Explore architecture and history usually off-limits to the public—May 23 and 24 only.

· 2 min read · HOC Toronto Desk

Doors Open Toronto is back this weekend, and for two days only, the city turns itself inside out. Sixteen heritage buildings that normally exist behind velvet ropes—corporate lobbies, heritage estates, cultural institutions—open their doors to anyone curious enough to walk in.

It's one of the city's strangest annual events in the best way: you get legal access to spaces you'd normally have to phone ahead for, explain yourself to security, or sweet-talk your way into. This time, it's an open invitation.

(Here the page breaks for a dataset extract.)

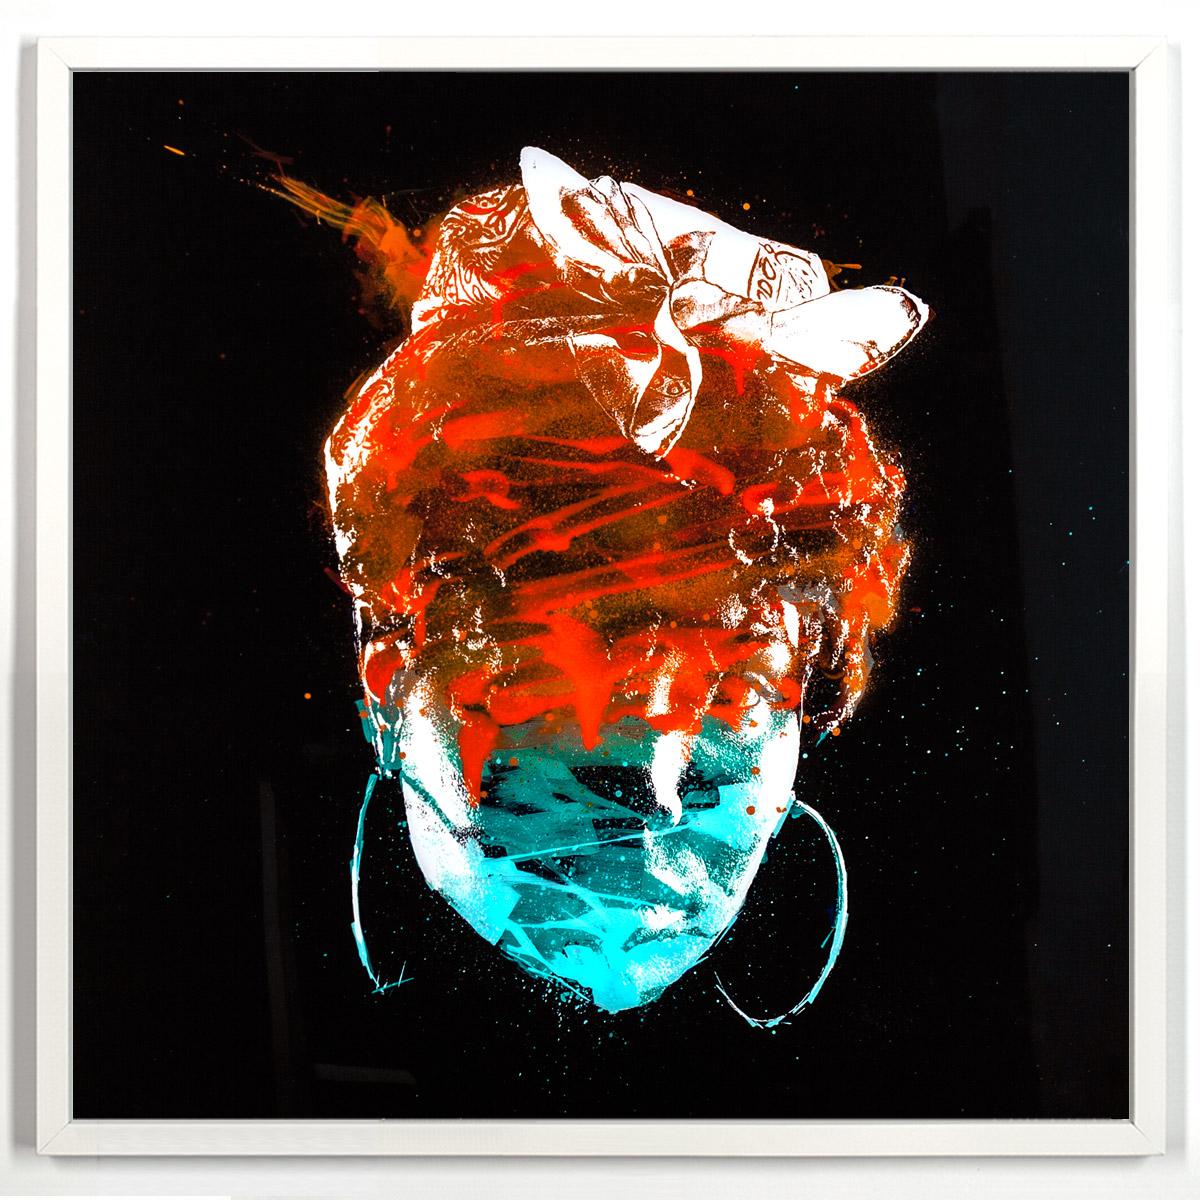 "Yolanda Entropy α  Enamel, Acrylic and Spray Paint on Plexiglass 52"" x 52"" $1,800 Includes a 1"" 1/2 White Wood Frame"

The weekend draws crowds precisely because it collapses the distance between you and the city's bones. Walk through a bank built in 1923 and see the teller cages, the vault doors, the marble that cost a fortune when it was installed. Tour a heritage home in a neighbourhood you pass through weekly but have never entered. Watch architects and historians explain why a seemingly ordinary brick building matters to Toronto's identity.

The weather is finally warm and cooperating. The Kensington Flea Market and Toronto Sunday Market in Parkdale are both running simultaneously, so you can thread a day between heritage exploration and vintage finds. Bruno Mars and Khalid are both performing in the city this weekend too, so if classical architecture isn't your draw, the options multiply.

Doors Open Toronto happens once a year. If you've never gone, this is the moment—the crowds spike Saturday and Sunday, so arrive early morning or late afternoon to avoid the worst of it. It's the city at its most generous, showing you how it was built and inviting you inside to see it for yourself.